▶ [Given data]:

────────────────────

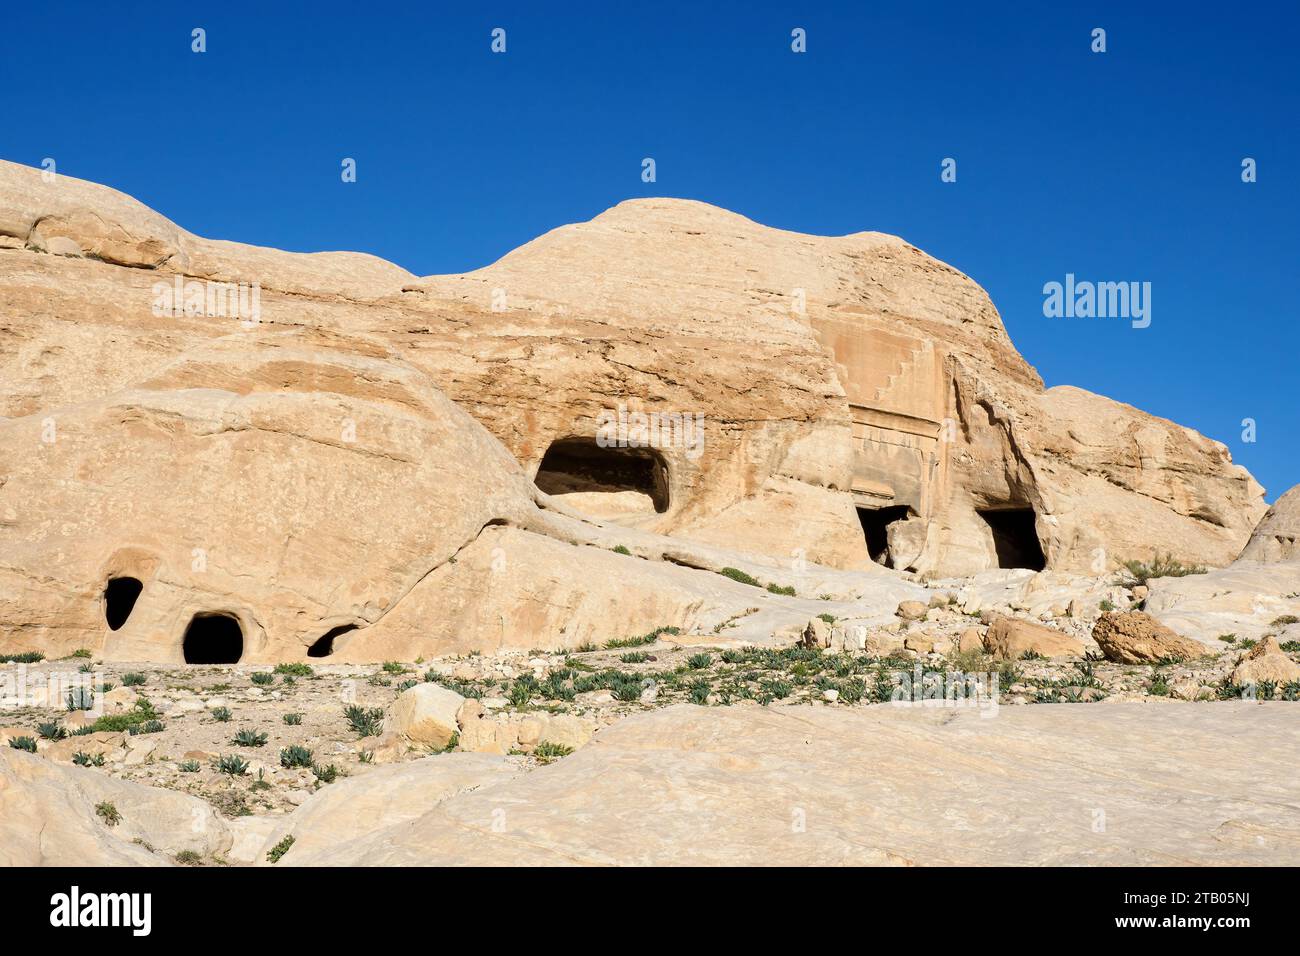 Grotte di pietra nel parco archeologico di Petra, patrimonio dell'umanità dell'UNESCO, le nuove 7 meraviglie del mondo, Giordania. Foto Stock
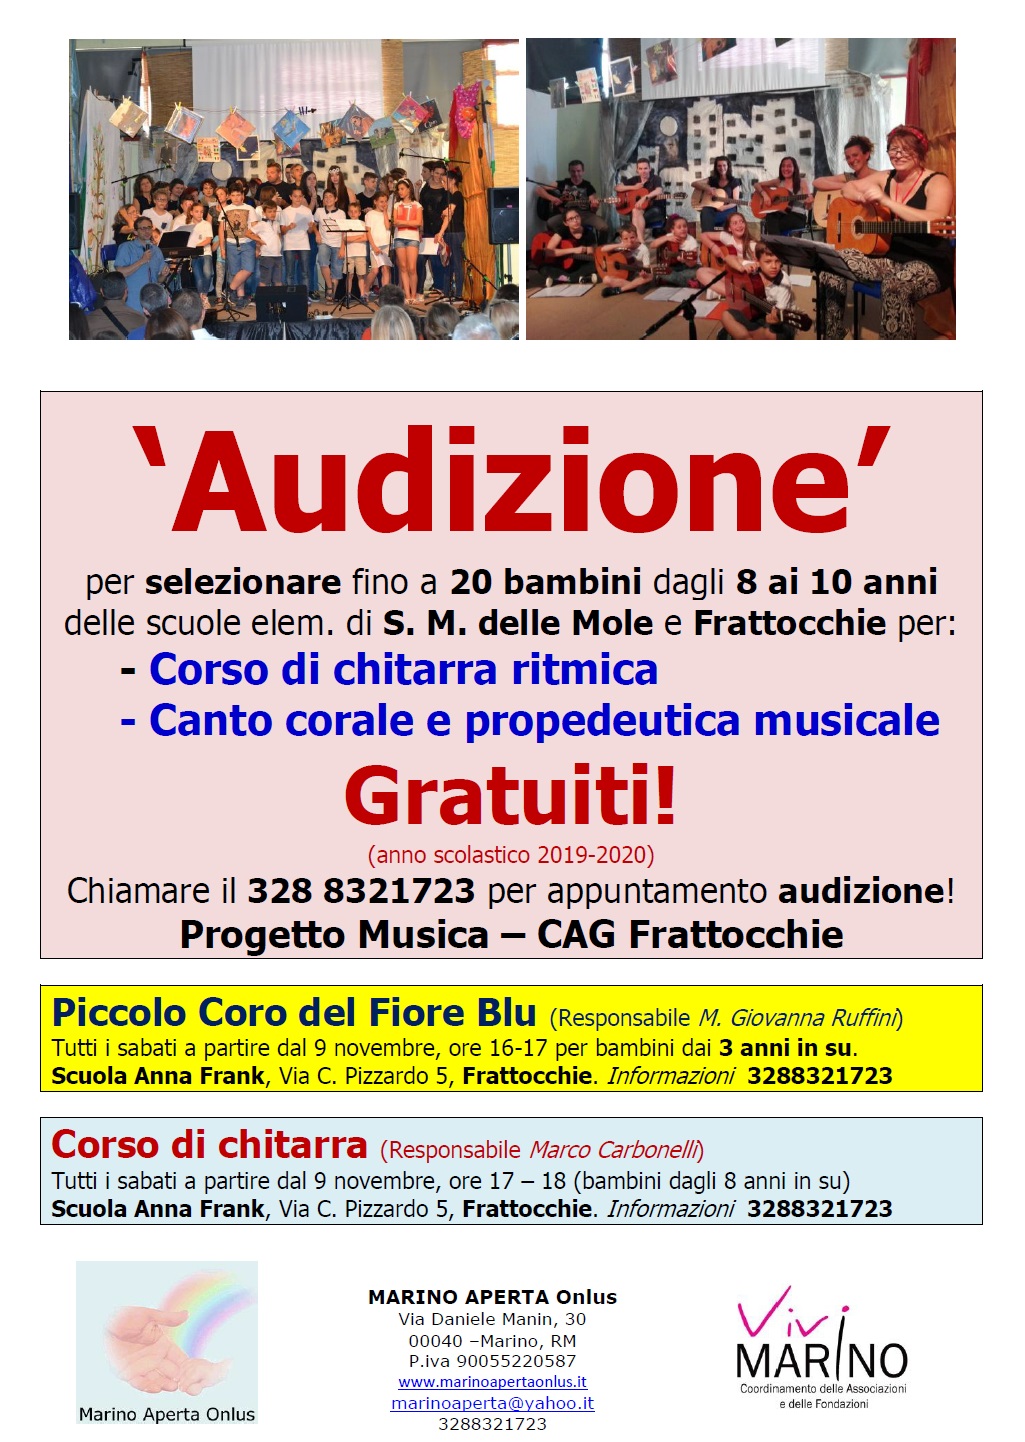 Audizioni per la selezione dei partecipanti ai Corsi di Chitarra e per il Piccolo Coro del Fiore Blu: corsi gratuiti offerti da Marino Aperta Onlus!
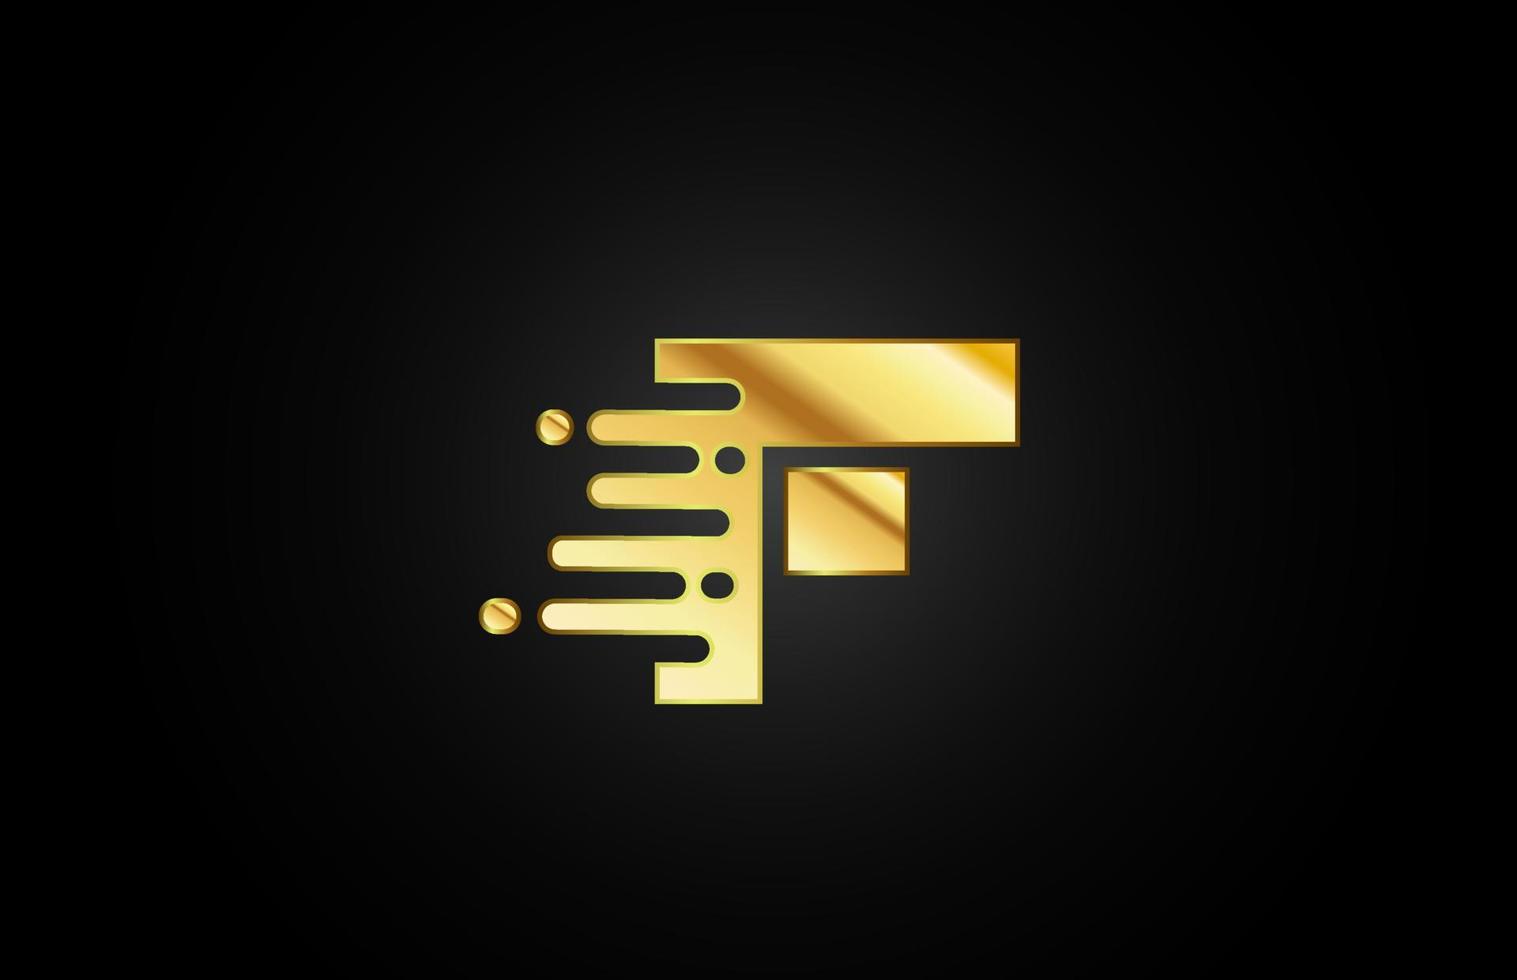 f letter logo icoon voor zaken en bedrijf vector

────────────────────

▶ [Assignment]:
Every line above should be reproduced exactly, please, with no pictures included.

▶ [Answer section]:
 Grotte di pietra nel parco archeologico di Petra, patrimonio dell'umanità dell'UNESCO, le nuove 7 meraviglie del mondo, Giordania. Foto Stock
 Audizioni per la selezione dei partecipanti ai Corsi di Chitarra e per il Piccolo Coro del Fiore Blu: corsi gratuiti offerti da Marino Aperta Onlus!
 f letter logo icoon voor zaken en bedrijf vector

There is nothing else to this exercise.